# IABCA?



## amjrchamberlain (Mar 8, 2005)

Does anyone show through them? Opinions on them? 

Thanks! 

Ang


----------



## Andaka (Jun 29, 2003)

I have shown thru them. The shows are very laid back and fun.


----------



## Smithie86 (Jan 9, 2001)

Our E litter girl in MN did very well (Joker - this is Eriel the queenie.. with Summer) in the shows.


----------



## gagsd (Apr 24, 2003)

I know this is an older thread, but was wondering if you guys could give some more input on these shows..... how they are run, what is required of the dog etc.
Thanks!


----------



## amjrchamberlain (Mar 8, 2005)

Thanks Mary!







I start topics and forget to check up on them!









I would also like to know more about how they are run and what is required. I read on the website and found that they are judged against the standard and not each other - I like that. But I am an utter novice to conformation (and herding! and agility! LOL Trying some new things this year...) and want to be prepared.


----------



## Andaka (Jun 29, 2003)

The shows are run like any other show in many respects. All of the dogs in the same class come in to the ring at the same time. The dogs are examed individually (teeth, etc.) and gaited both individually and together as a class. The class is then ranked by the judge and written critques are given. The winners of the classes are brought back into the ring to compete for Best of Breed and any other Best of Awards.

The dogs are expected to stack, have their teeth looked at, and any other parts the judge wants to go over. They need to be able to gait in a straight line, both down and back and around for judgeing movement. The dogs are then brought near the judge's table for the written critique.

The Missouri shows are held at Purina Farms in St. Louis.


----------



## gagsd (Apr 24, 2003)

Should they free-stack or do you (the handler) stack them?
Also, do the shows have a bias toward type? or does each type get a fair eval?
I am considering going to the Perry, Ga shows next month. It sounds like fun, but I do not want to waste my time and money by having the wrong type, or by not knowing what I am doing
Mary


----------



## Andaka (Jun 29, 2003)

> Quote:Should they free-stack or do you (the handler) stack them?
> Also, do the shows have a bias toward type? or does each type get a fair eval?

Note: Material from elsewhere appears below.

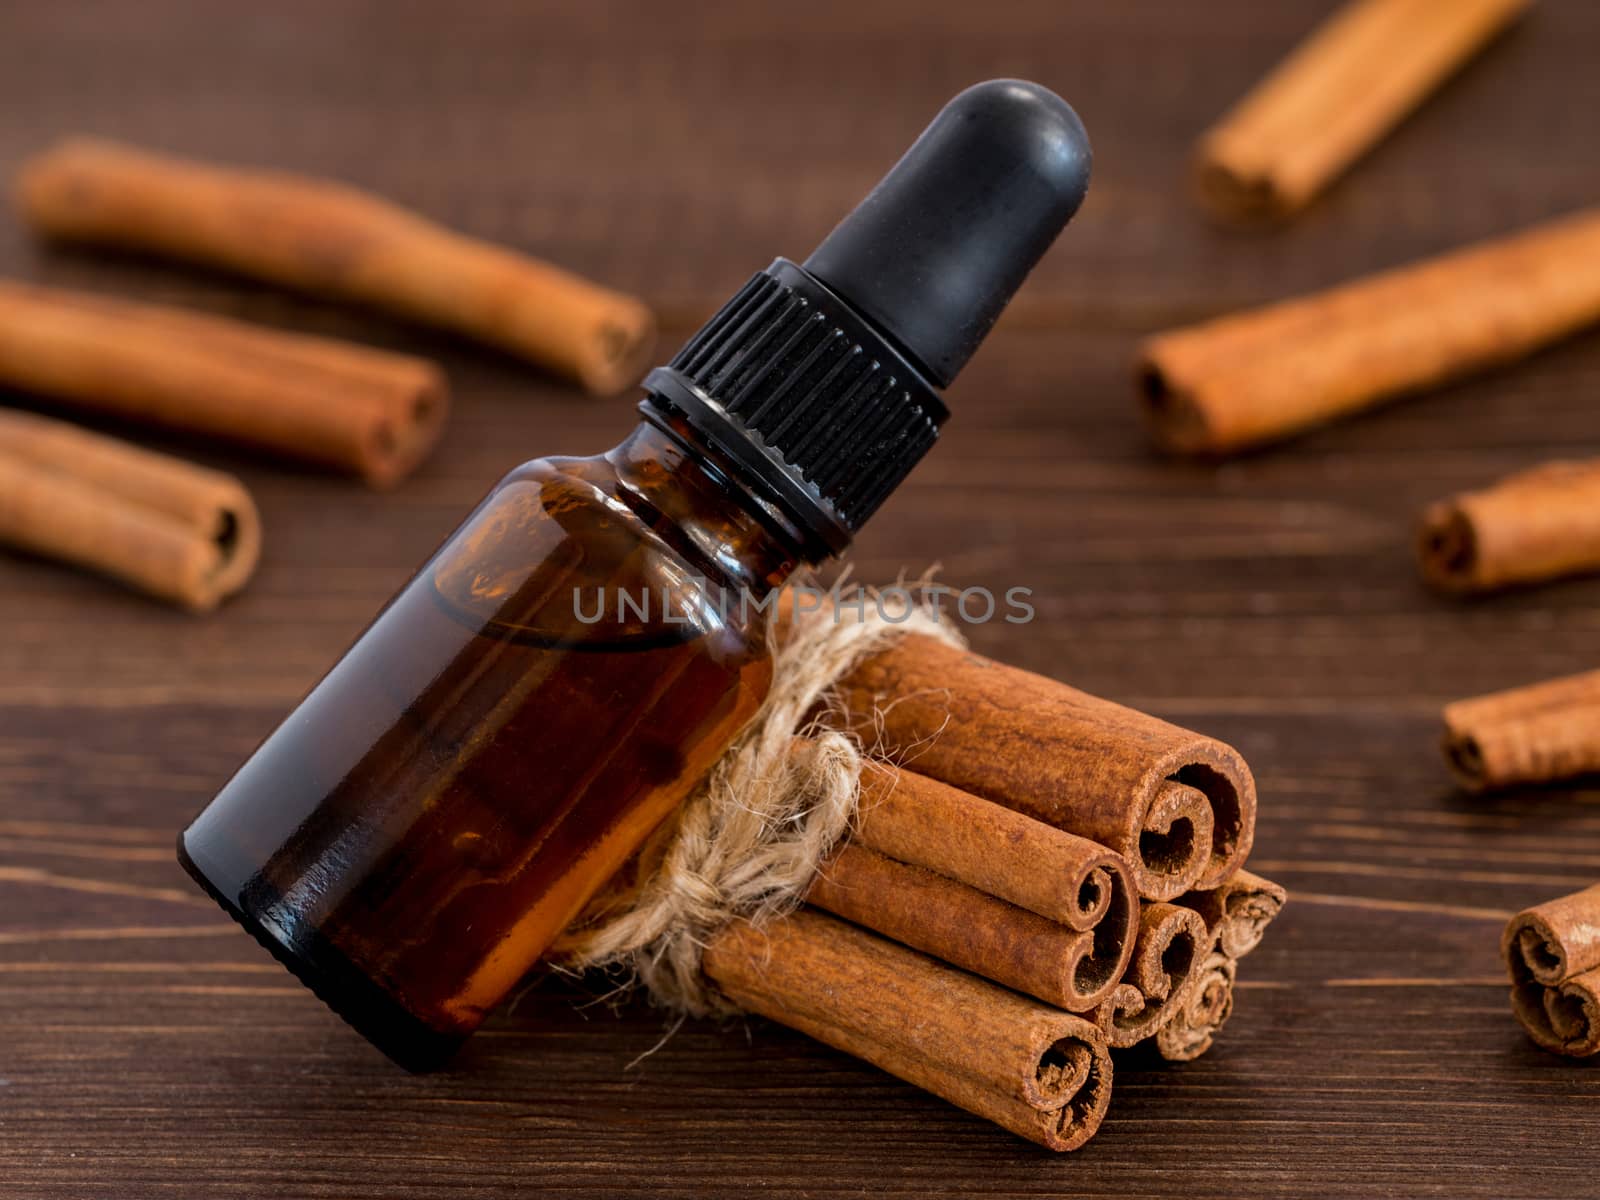 Cinnamon sticks and bottle with cinnamon essential oil
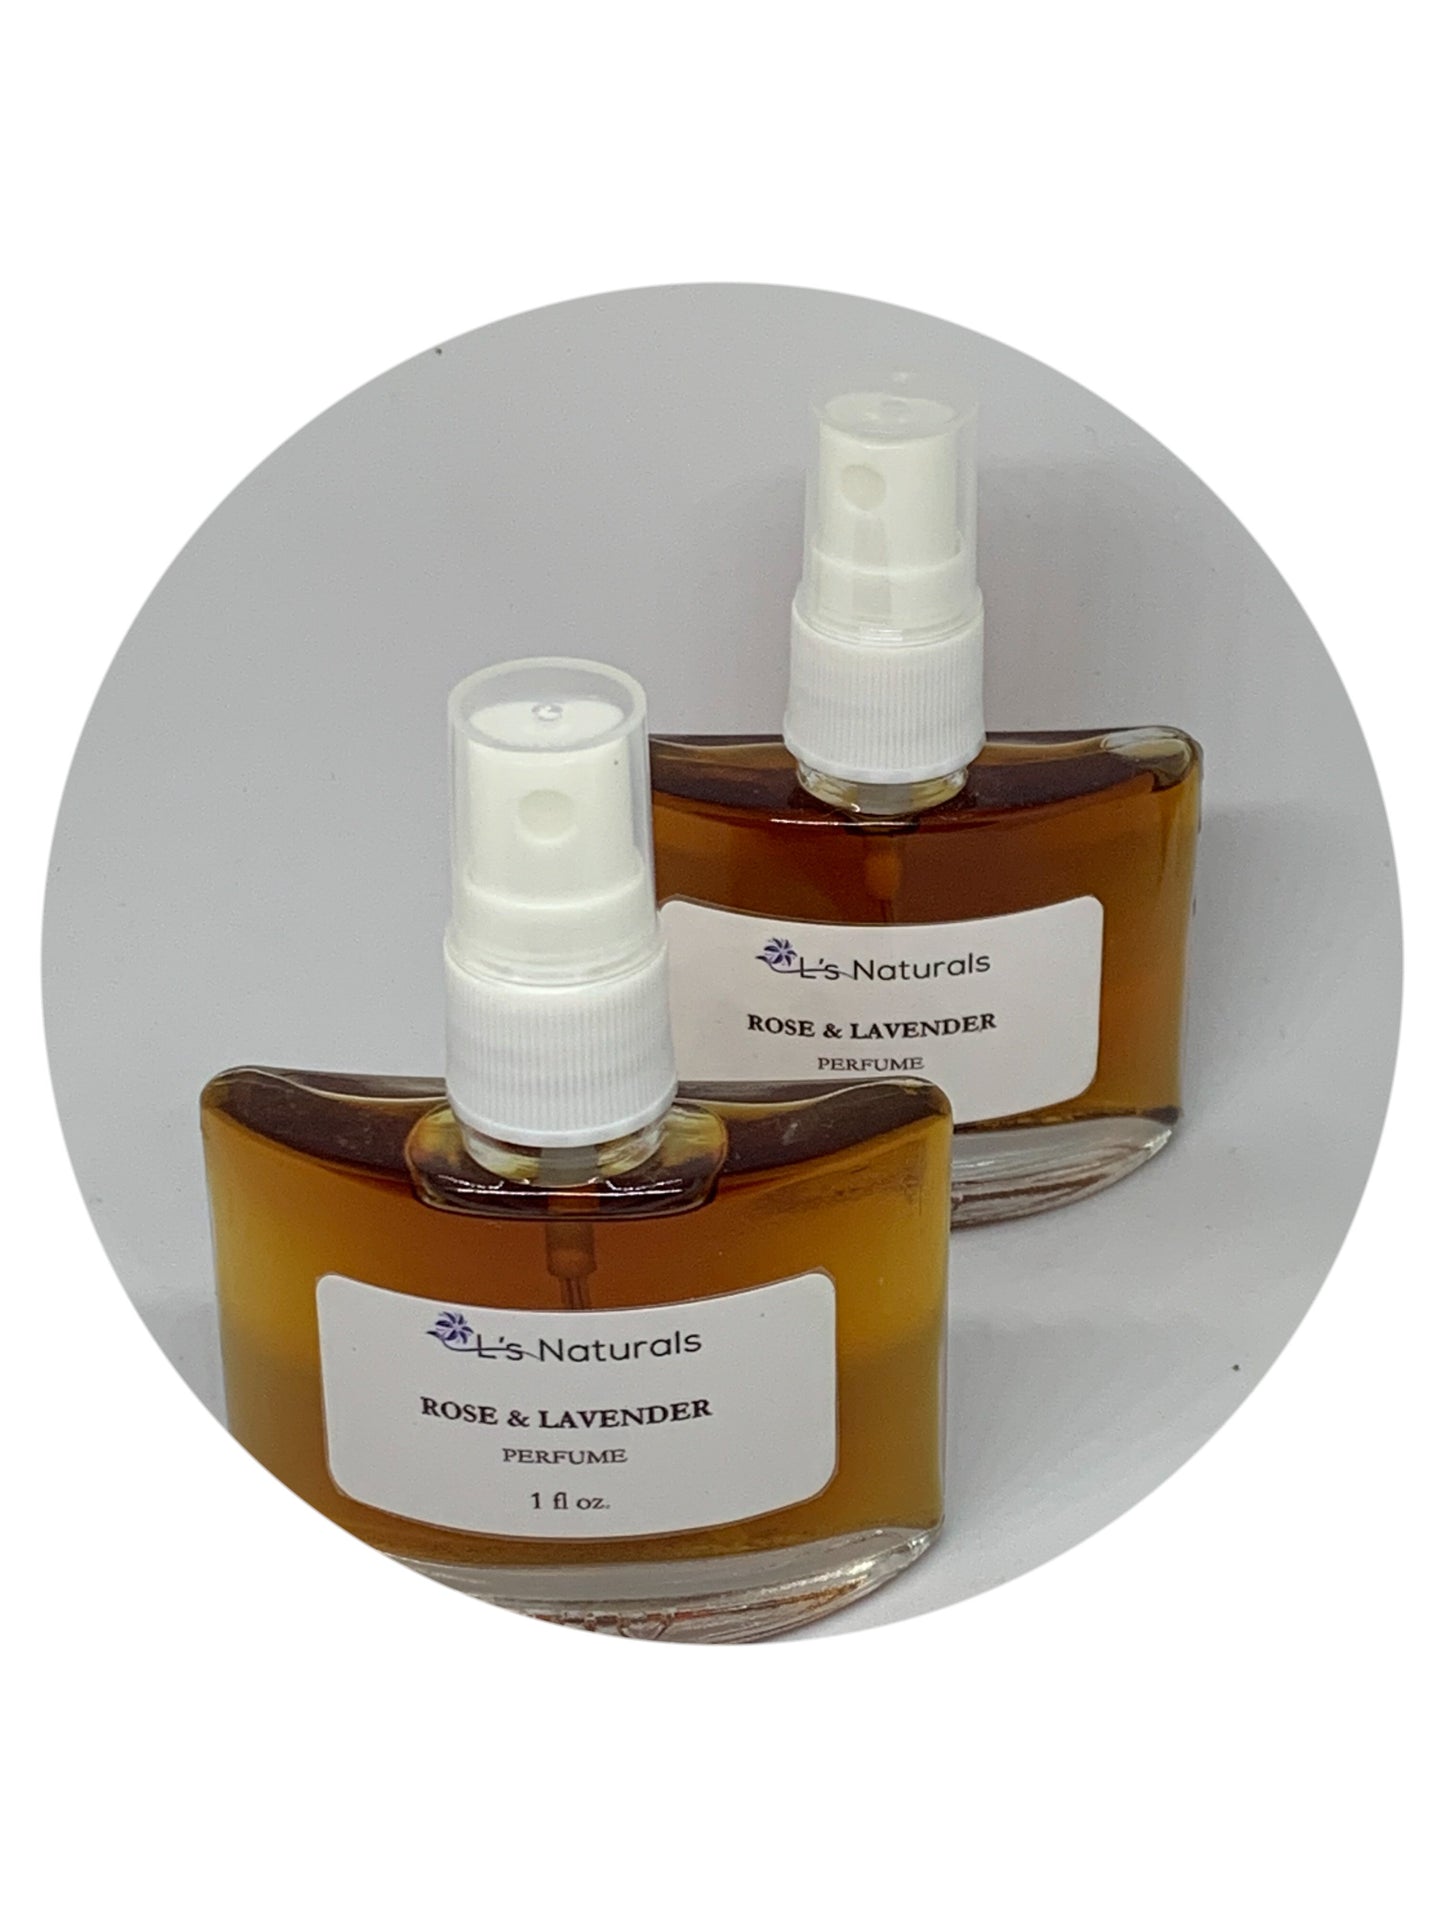 Rose and Lavender Perfume (2014) - L's Naturals | Bath & Body Boutique

Any type of stacking is acceptable. I have been to shows where the bias was toward German style dogs and I have been to shows where the bias was toward American style dogs. They do primarily use AKC/CKC judges, but they are all-breed judges and the rings are usually the size seen at AKC all-breed shows.

Do you know who the judges are?


----------



## gagsd (Apr 24, 2003)

Here are the listed judges....
Dr. Don Jones - USA 
Mrs. Lenora Riddle - USA 
Ms. Jane Roppolo - USA 
Mr. Thomas Nesbitt - CAN 
Mr. David Swartwood - CAN

And it is in Conyers, not Perry.


----------



## Andaka (Jun 29, 2003)

> Originally Posted By: gagsd_pup1Here are the listed judges....
> Dr. Don Jones - USA
> Mrs. Lenora Riddle - USA
> Ms. Jane Roppolo - USA
> ...


Don Jones is a long time judge of GSD's -- considered somewhat of a specialty judge because his primary breed is GSD's, but he doesn't usally put up a really extreme dog. He liked my Kizzy (see the thread about American lines for her pictures).

Lenora Riddle is a former handler turned judge many years ago. She is one of the few all-breed judges that performs a loose lead temperament test in the ring. She tends to like big bone, smaller size, moderate angulation.

I am not familiar with the other 3 judges. Good luck with whatever you decide to do.


----------



## GranvilleGSD (Mar 28, 2007)

So, are these the shows then where you would earn the Int. CH title?


----------



## Andaka (Jun 29, 2003)

Yes. Although I haven't been for years, I used to enjoy them as it gave me a chance to show off my own dogs instead of needing a handler.


----------